On that note, many of us struggle with alexithymia, or the inability to recognise emotions within ourselves. I particularly struggle to recognise that I am anxious and will often “feel” fine until physical symptoms emerge. It’s fairly obvious how spending time checking in with ourselves and our bodies can help to recognise, if not the emotion itself, the physical manifestations that are more subtle, so that we can identify and work with the underlying emotional state.
So now that we understand the benefits that regular mindfulness practice can have for us as autistic individuals, how do we go about overcoming some of the hurdles?
I am no expert, but these are a few things that have helped me.
1. F*ck being still.
I have realised that my stims help me meditate. I have spasms in my back and frisson when I get into a heavy meditative flow. Many people report involuntary movements while meditating. Perfect stillness is not the aim; the calmness of the mind and the ability to focus and observe is.
For autistic people, that means letting us stim in non-distracting ways. I’d even argue some stims are inherently meditative. When I use visual stims like light prisms and crystals, there’s a state of mind that comes over me that feels similar to meditation when it goes well.
This can be a great way to introduce children to small mindful practices. Try a sensory lamp or a DIY glitter jar.
2. Make your guides clear if you are a creator.
Please. I know you want to go at a relaxing pace, but keep them simple and clear.
Try different methods. I can’t do guided visualisations. I can visualise well, but the guides go at a different pace to my brain and I spend more time correcting the mental picture I am making, than actually getting into the flow.

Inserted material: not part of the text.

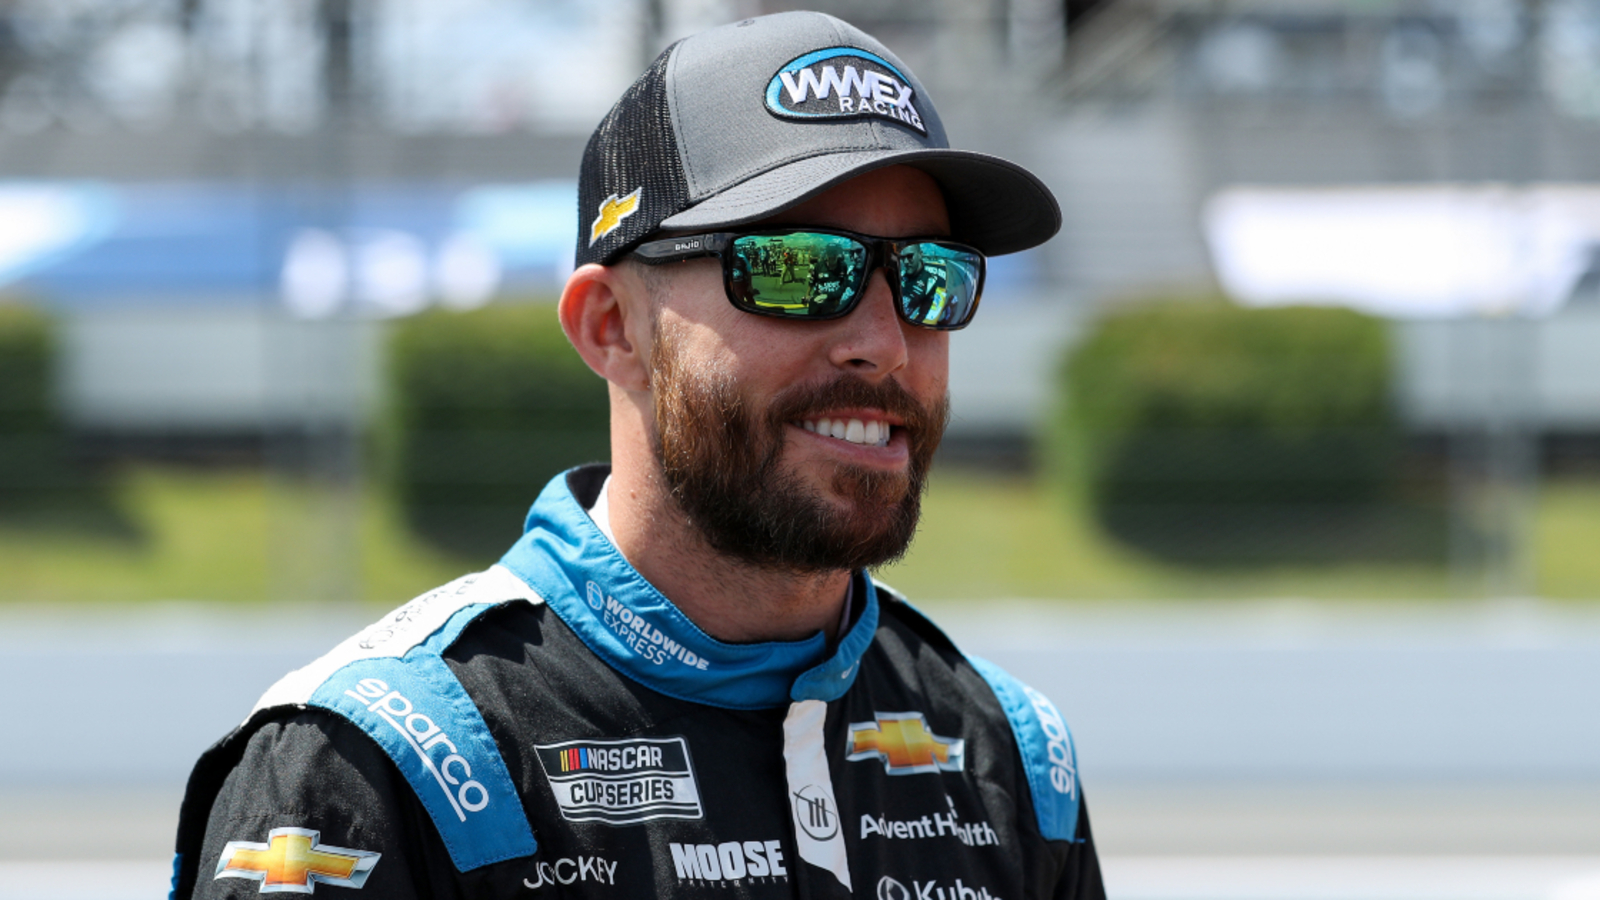 Ross Chastain returns to Kaulig Racing for Xfinity Series start at Michigan

Guided practices that talk more about breath and the body, on the other hand, work great for me and non-guided practice does too, whether with some music in my headphones to help block out sound on bad sensory days, or, when able, with no music, just with the practice (but that takes time and is not always possible).
3. Start small.
Start with a set of mindful walks or three-minute breathing exercises. Meditation, especially, can be overwhelming, but the ability to notice the world around you without having it and your thoughts overwhelm you is worth the effort.

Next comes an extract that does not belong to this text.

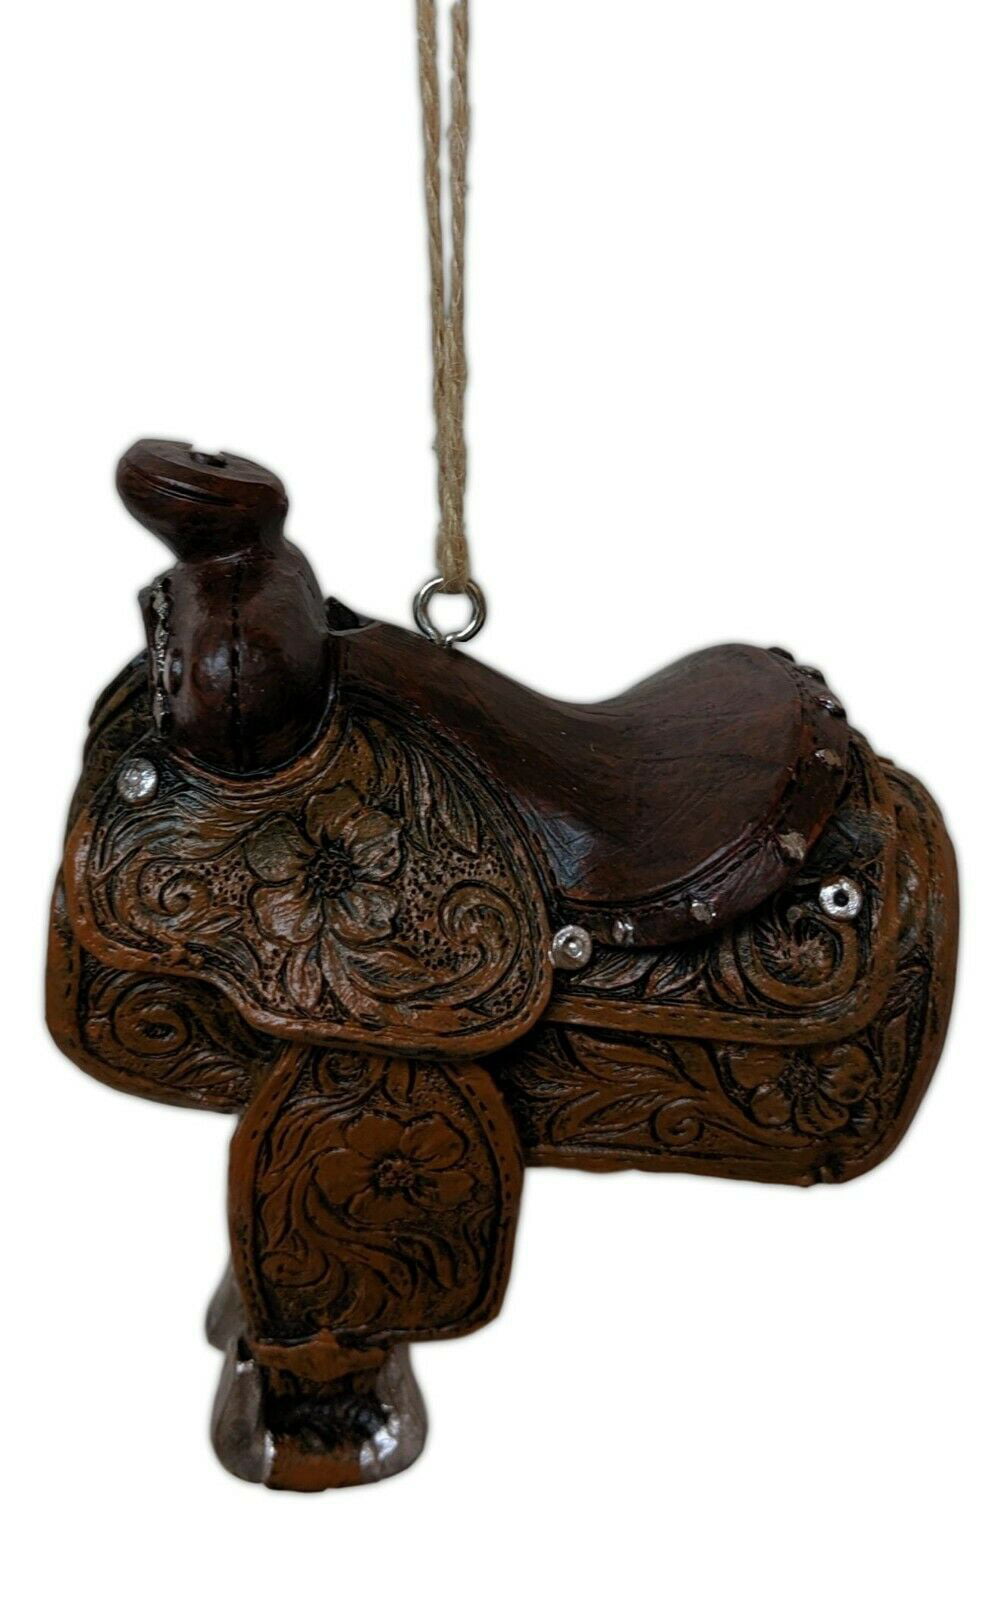 by Wilcor WESTERN SADDLE Resin Christmas Ornament Intricate Detail

Recognise that some days will be easier than others. Some days are bad sensory days or low energy days, and that means it will be harder to everything, including meditating or taking a walk without getting overloaded. There’s nothing wrong with going back to a more simple practice, no matter how far along in your journey you are. I have days where I can meditate and go into a trance from breathing, and I have days where I can only manage to focus on counting my breath. That’s normal.

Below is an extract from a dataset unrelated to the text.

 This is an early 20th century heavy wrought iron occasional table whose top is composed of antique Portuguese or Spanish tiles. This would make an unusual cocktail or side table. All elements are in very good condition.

I hope that this perspective has helped you.
A lot of these ideas apply to people who are not autistic or are neurodivergent in other ways. The point is we are all different; our needs are all different. So our practices should all be different.
Try to abandon the image of what you think meditation and mindfulness should look like. Whether that’s the stoic philosopher in his cave or the lady down the road who always seems to have a green juice in her hand. We don’t need to put pressure on ourselves to perform or mask in yet another aspect of our lives.
Let yourself be and take time to help yourself in the ways that work for you.